Santé
ANALYSE GENERALE
Auteur(s) : Par Lukas Muller-Pillet
Une thèse de fin d’exercice soutenue en 2024 a étudié pour la première fois le rapport des étudiants vétérinaires à l’alcool. Fondée sur près de 800 réponses, elle relève notamment un besoin d’information et de prévention sur le sujet exprimé par les élèves.

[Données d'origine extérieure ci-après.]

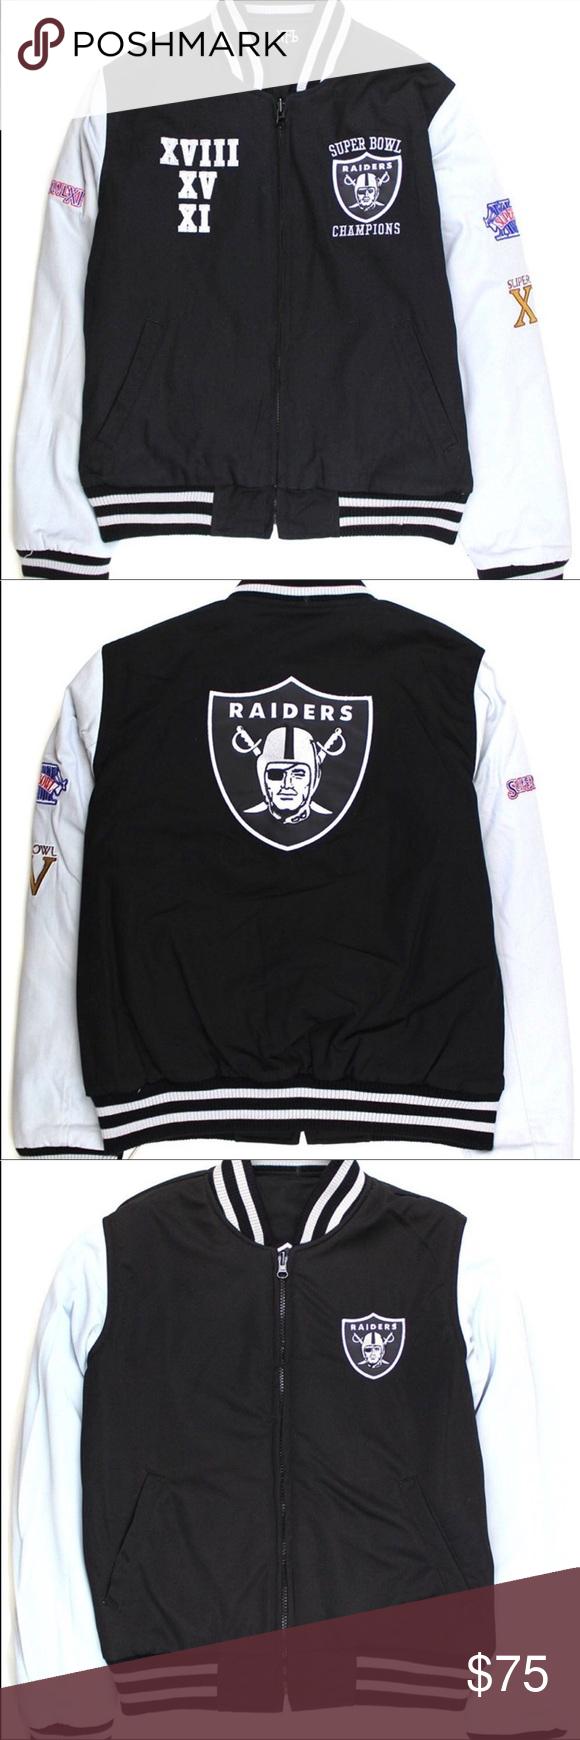 newest 5c5ef 8c0df Reversible Oakland Raiders Zip Up Jacket Reversible, Thick ...

La consommation d’alcool dans le milieu des écoles vétérinaires est un sujet souvent évoqué, parfois sur le ton de l’humour, parfois sous forme de critique. Cependant, aucune étude n’avait véritablement exploré cette question au sein de ces établissements. Face à ce manque d’informations concrètes, une thèse de fin d’exercice1 soutenue en 2024 s’est penchée sur le sujet. Son but ? Évaluer objectivement la place de l’alcool au sein de différentes écoles vétérinaires, en France et à l’international. Pour ce faire, un questionnaire a été diffusé auprès des étudiants de plusieurs établissements francophones. L’objectif était double : établir un état des lieux des habitudes de consommation et proposer un outil d’introspection et de sensibilisation sur le sujet. Le formulaire s’articulait autour de cinq axes : le profil des répondants tout en respectant leur anonymat, la consommation d’alcool (évaluée avec une adaptation de l’Alcohol Use Disorder Identification Test ou Audit2), les habitudes de consommation, la perception des étudiants sur leur usage et, enfin, l’impact du questionnaire sur leur vision de l’alcool.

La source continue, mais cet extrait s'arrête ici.